Rüzgar, “Oleyyy!” diye bağırdı ve hemen Ali ağabeyinin yanına gidip söyledi.
Ali, Rüzgar’ı çok severdi. Rüzgar’ı kıramadı ve tamam dedi.
İşte nihayet Rüzgar’ın en çok istediği şey gerçek oluyordu.Gece yıldızları izleyerek uyuyacaktı. Gözlerini açtığında ise duvarları görmeyecekti. Bulutları, güneşi ve gökyüzünü görecekti. Hayat tam da Rüzgar’ın istediği gibi gidiyordu.

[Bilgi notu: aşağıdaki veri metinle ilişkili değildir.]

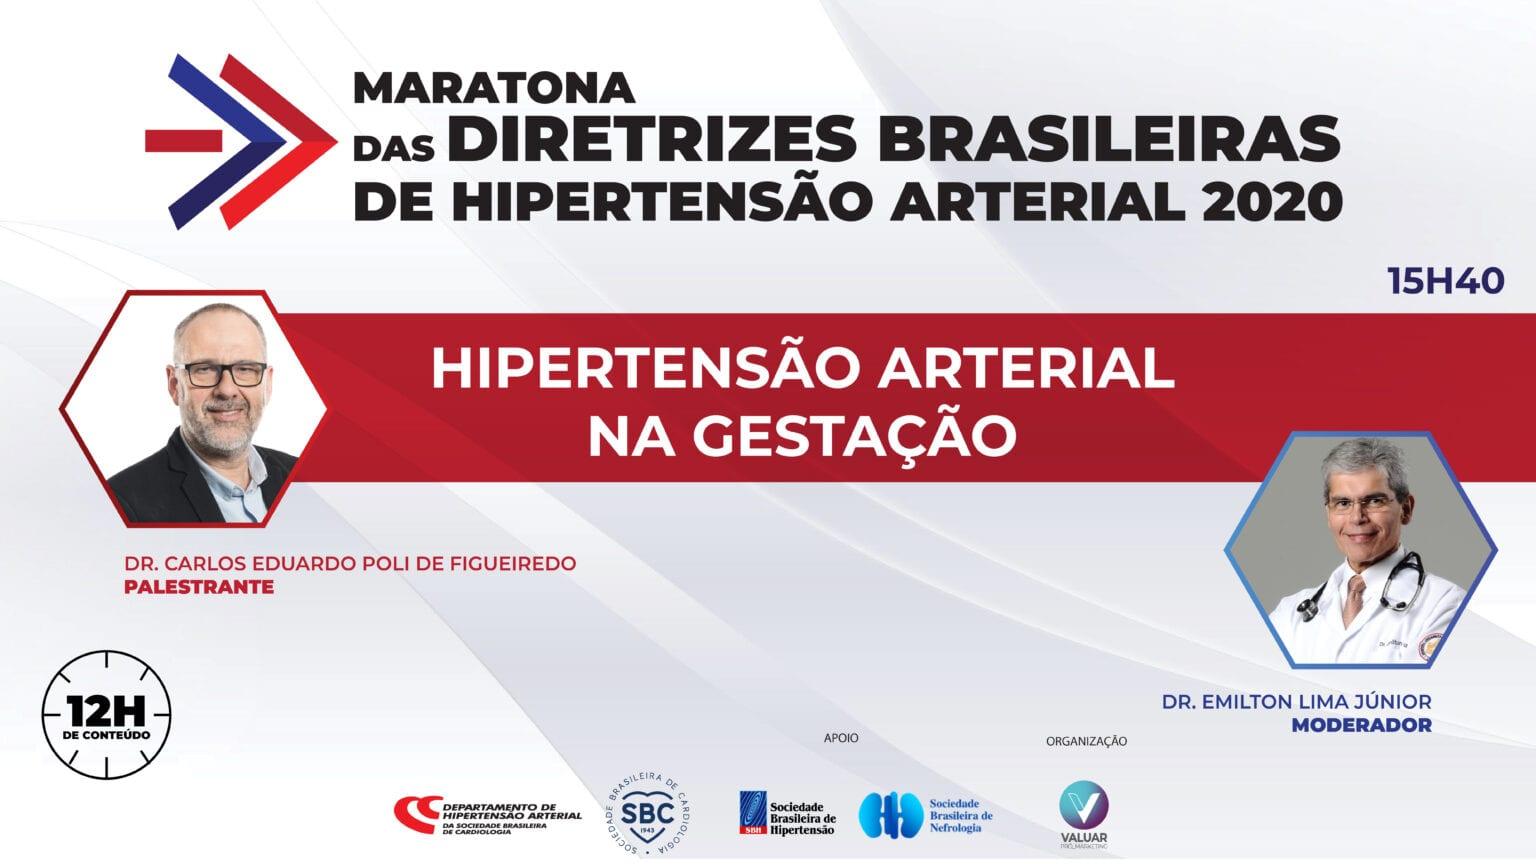 Hipertensão Arterial na Gestação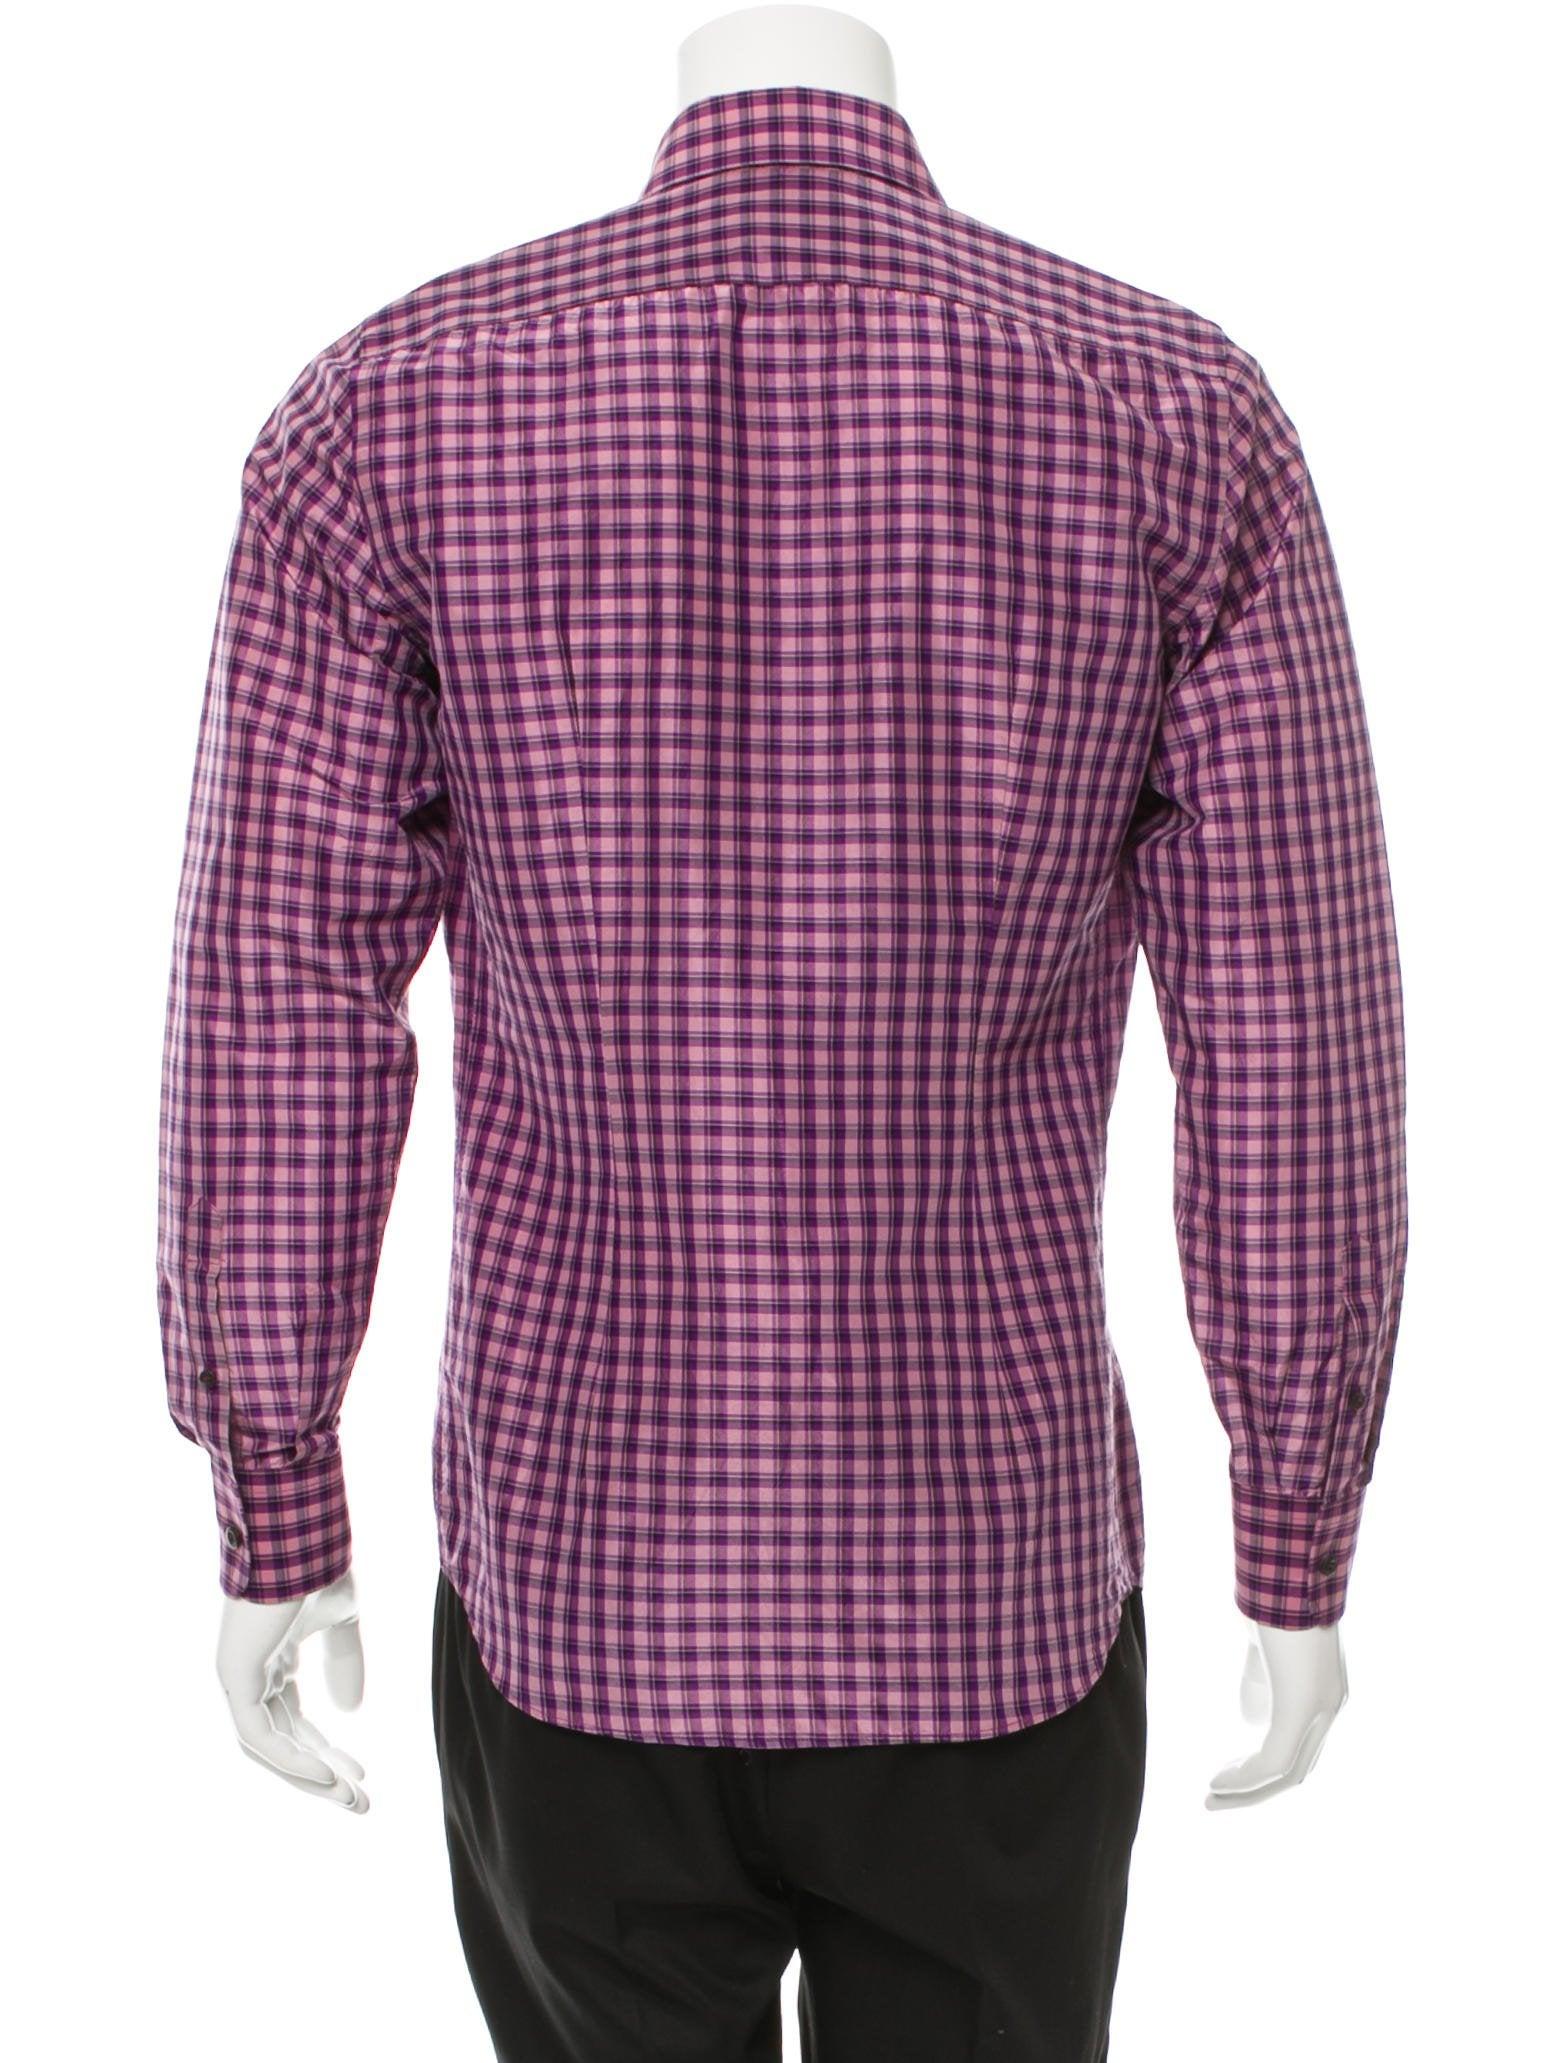 Prada plaid button up shirt clothing pra145337 the for Purple plaid button up shirt

Bir gün yine ağaç evde yatarken gökyüzüne baktı ve yıldızları saymaya başladı. Ama bir türlü bitiremiyordu. Olmuyordu… O kadar çoklardı ki… Ama aralarında bir tanesi vardı ki sanki ona göz kırpıyordu. Önceleri bana öyle geliyor herhalde diye düşündü Rüzgar. Fakat daha sonra bir gece yine gökyüzünü seyrederken yine o sarı yıldız Rüzgar’a doğru yaklaştı ve:
-Merhaba, ben Sarı Yıldız. Günlerdir seni izliyor ve sana göz kırpıyorum. Beni fark ettin mi?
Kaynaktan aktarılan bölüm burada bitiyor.